● **Dataset extract**
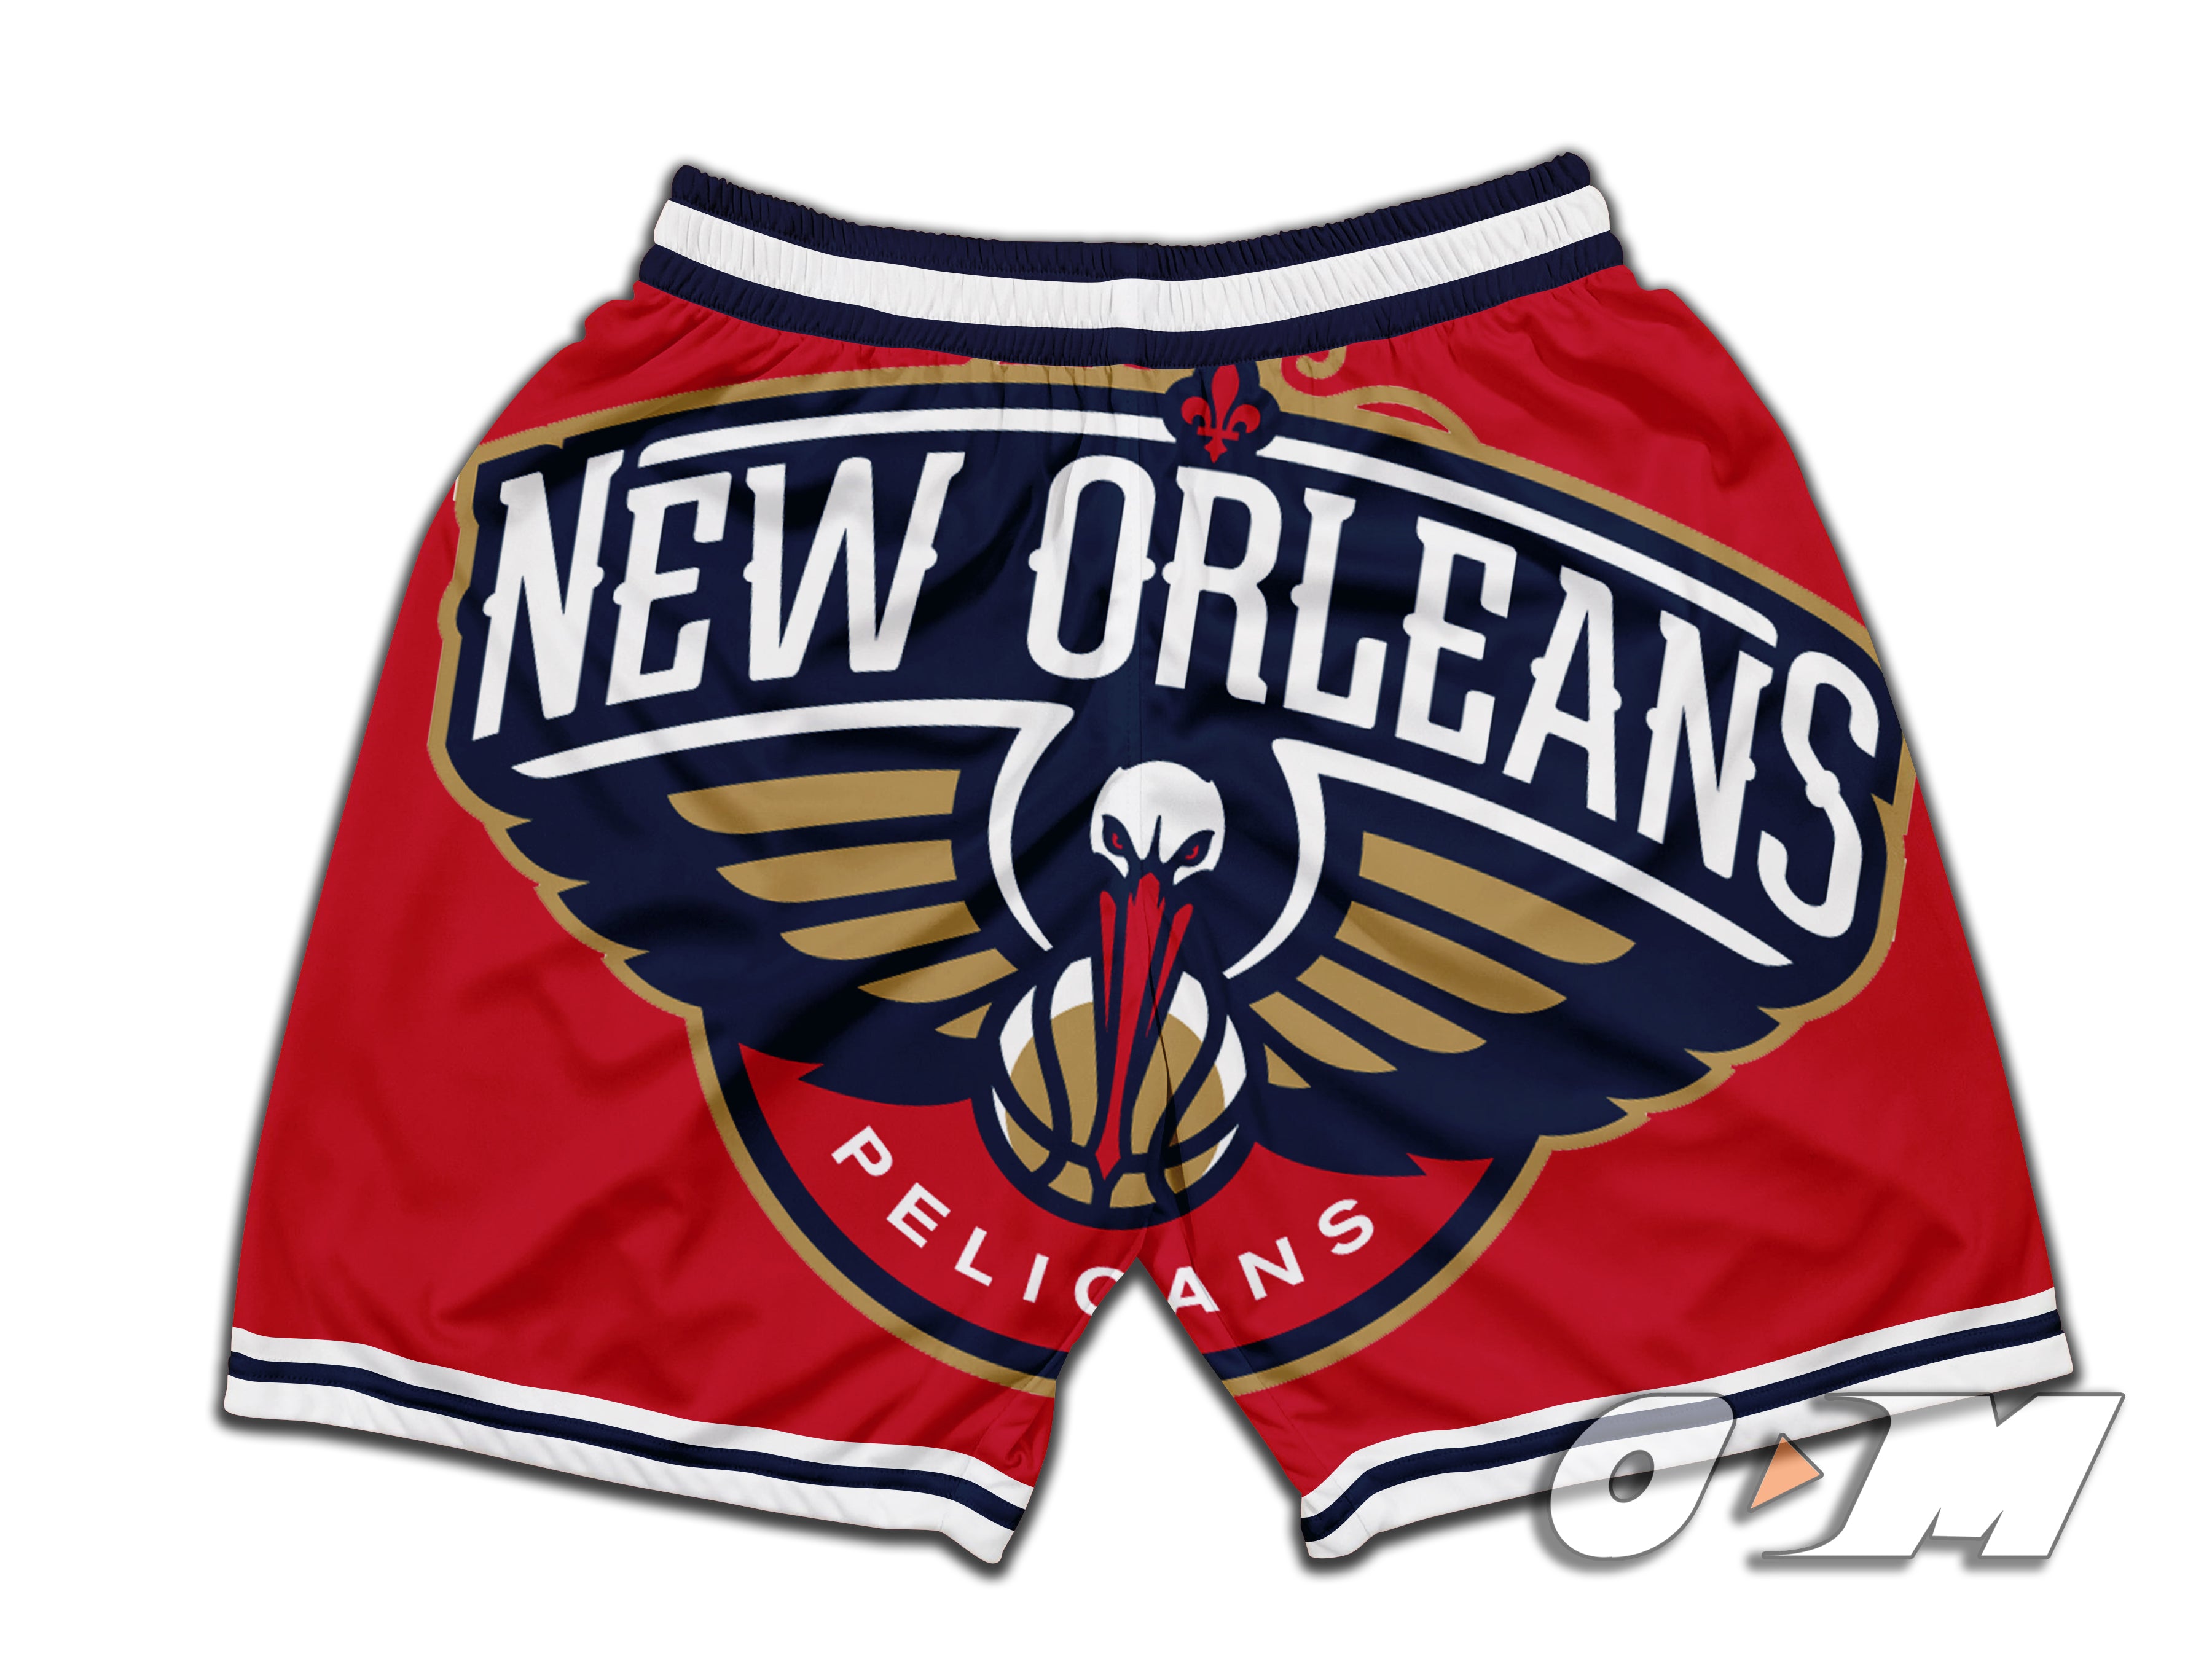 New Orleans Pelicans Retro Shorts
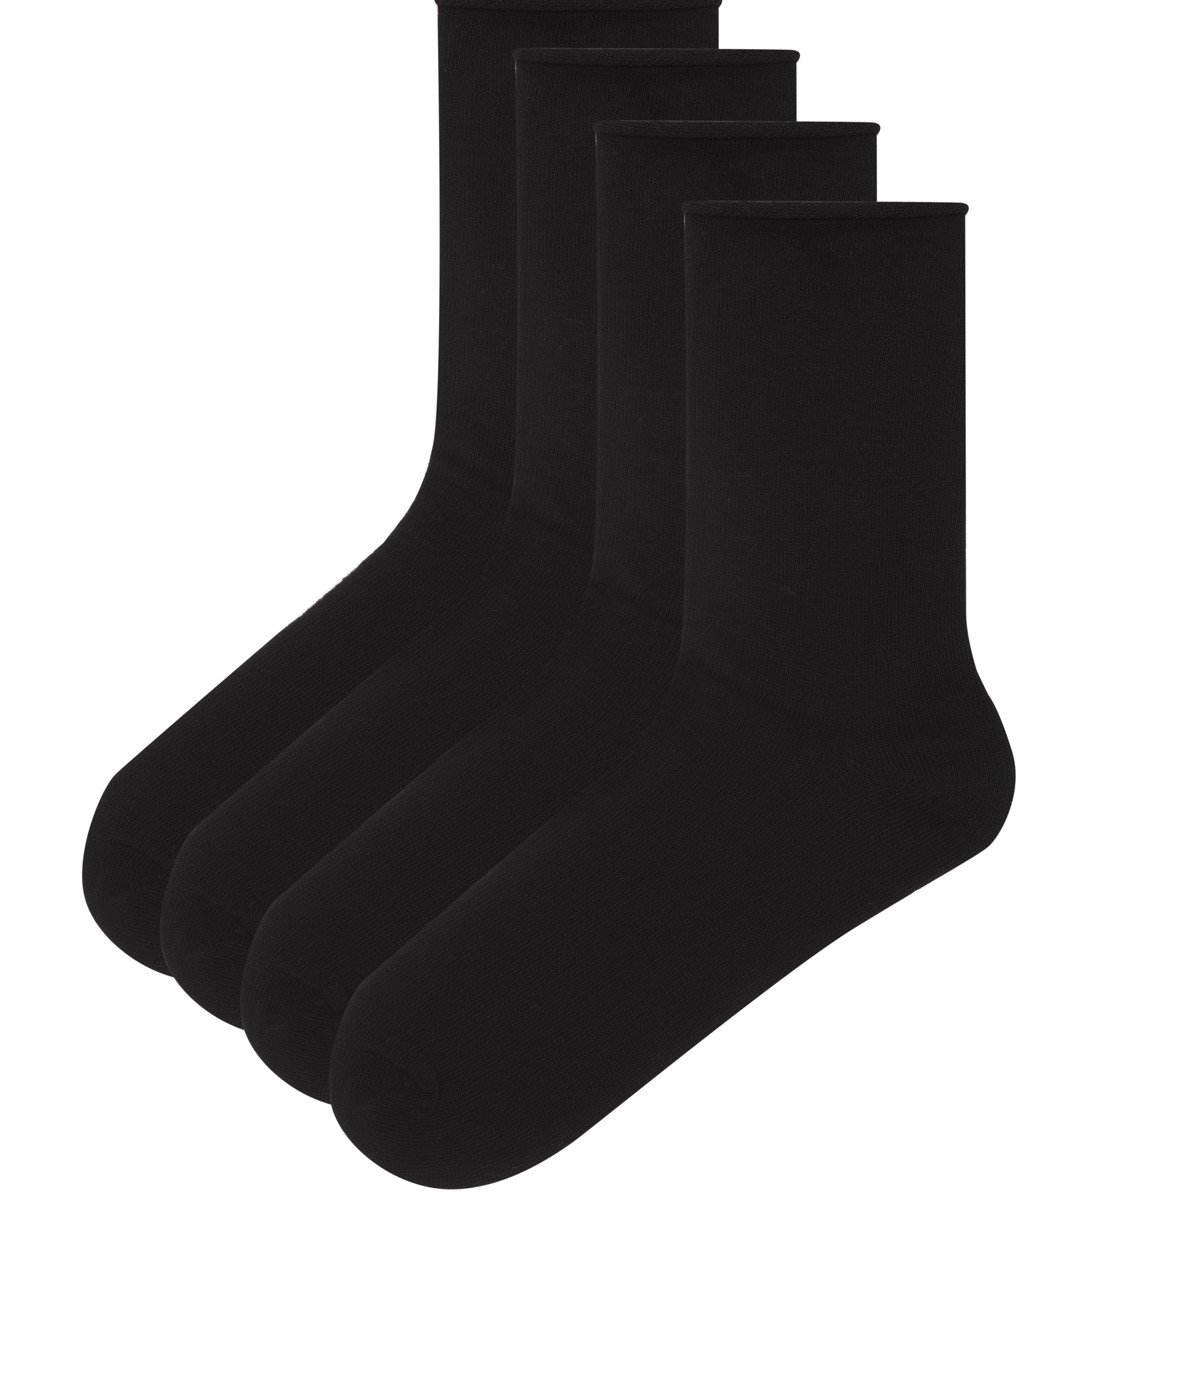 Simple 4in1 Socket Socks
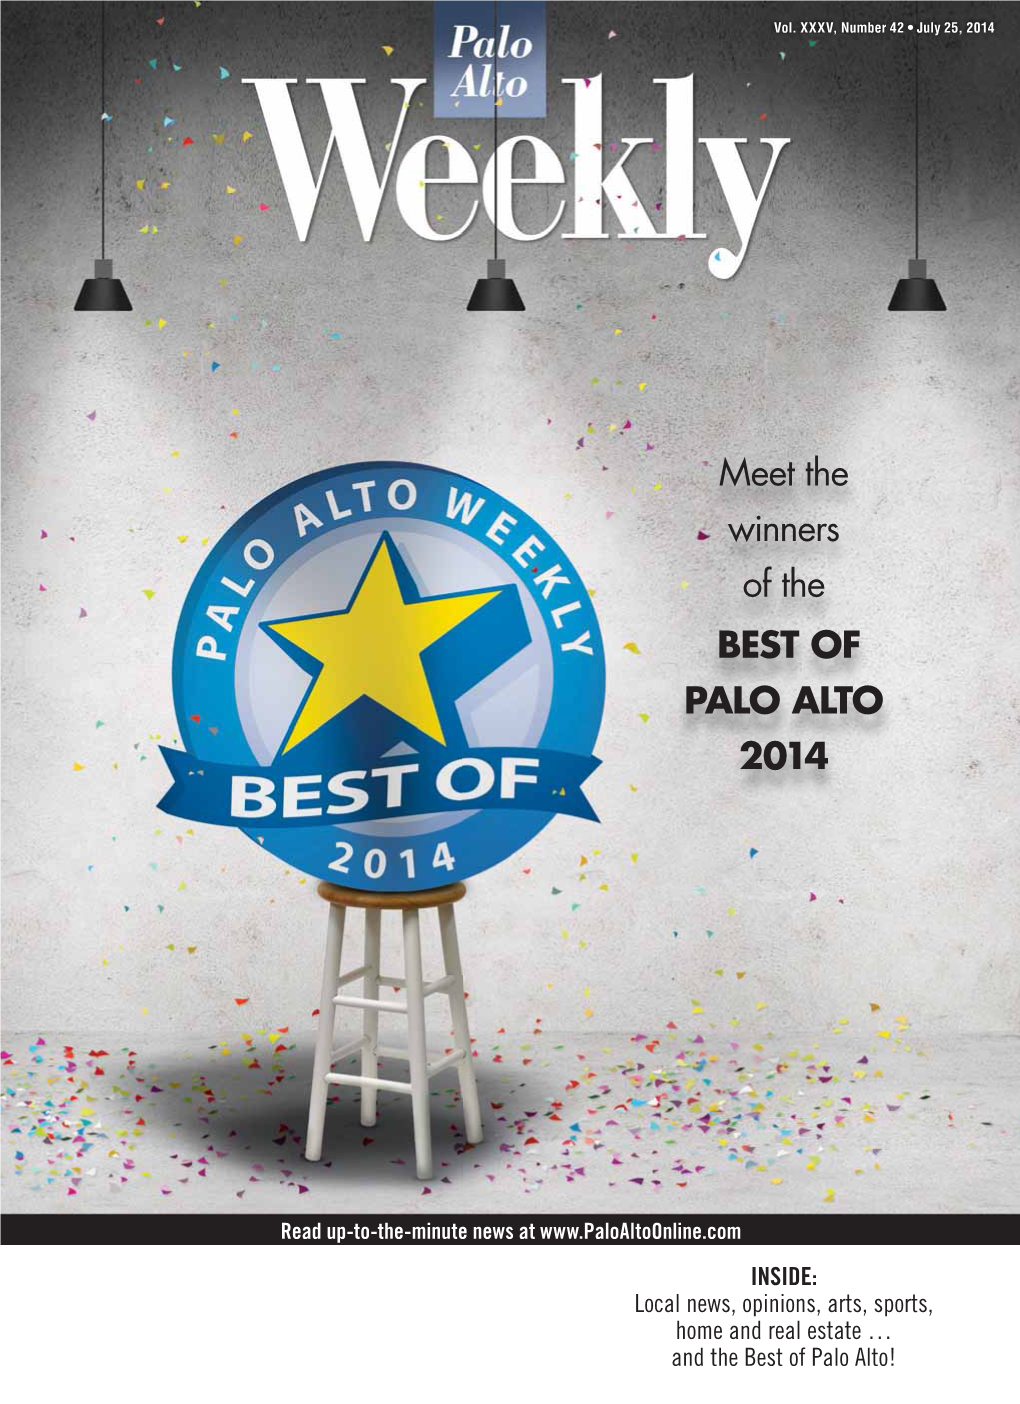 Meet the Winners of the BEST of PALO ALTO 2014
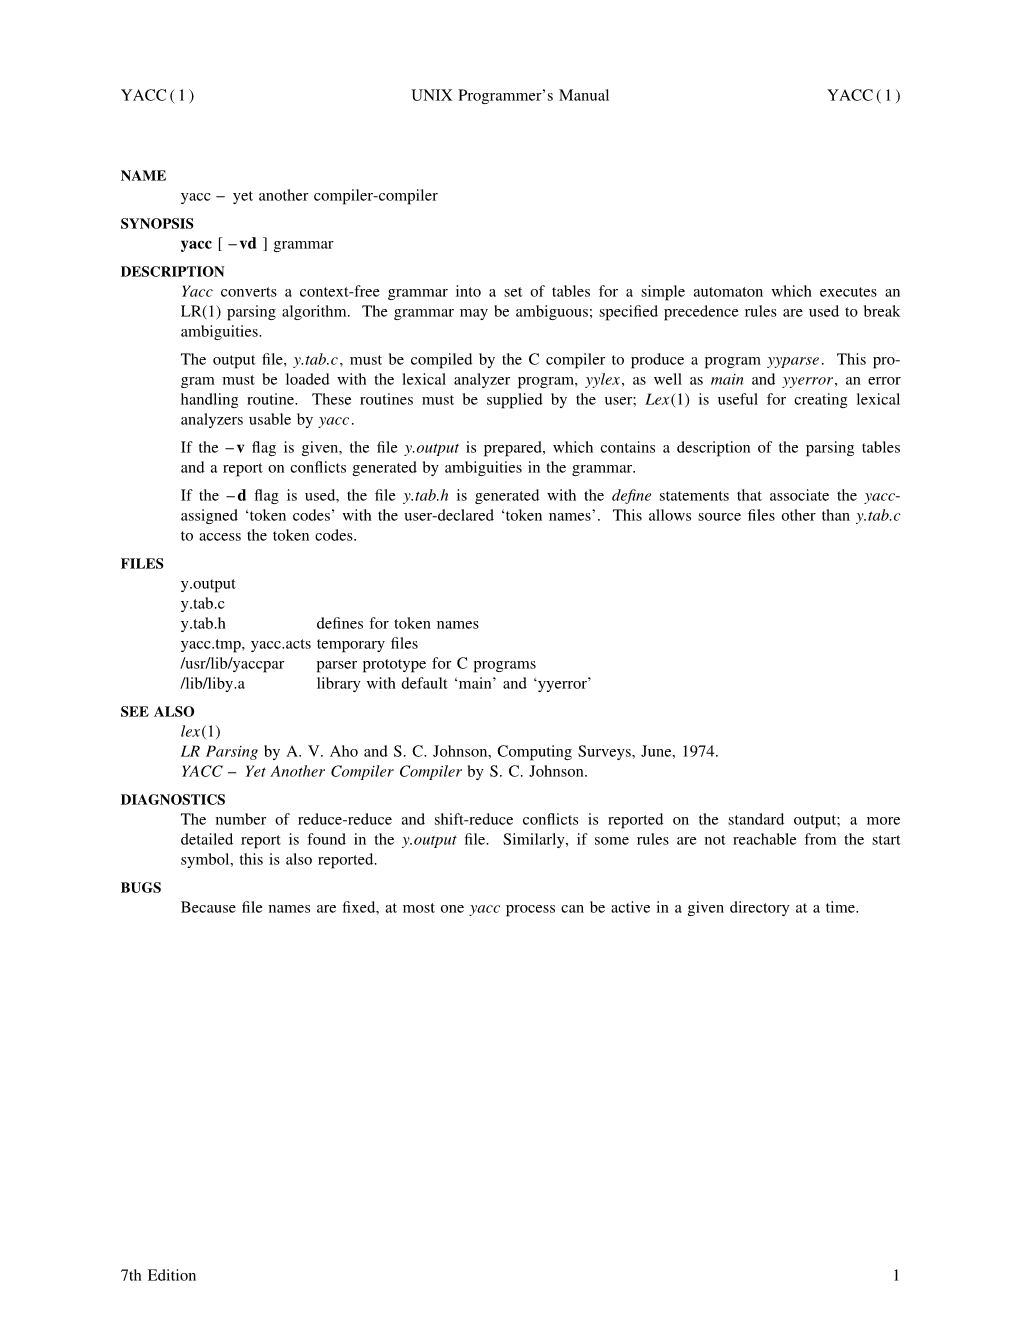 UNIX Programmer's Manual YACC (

● **Work required**
From the line with "Meet the Winners" through the final line of the data above, copy everything exactly, both ends included, but not the pictures.

● **Response below**
 Meet the Winners of the BEST of PALO ALTO 2014
 UNIX Programmer's Manual YACC (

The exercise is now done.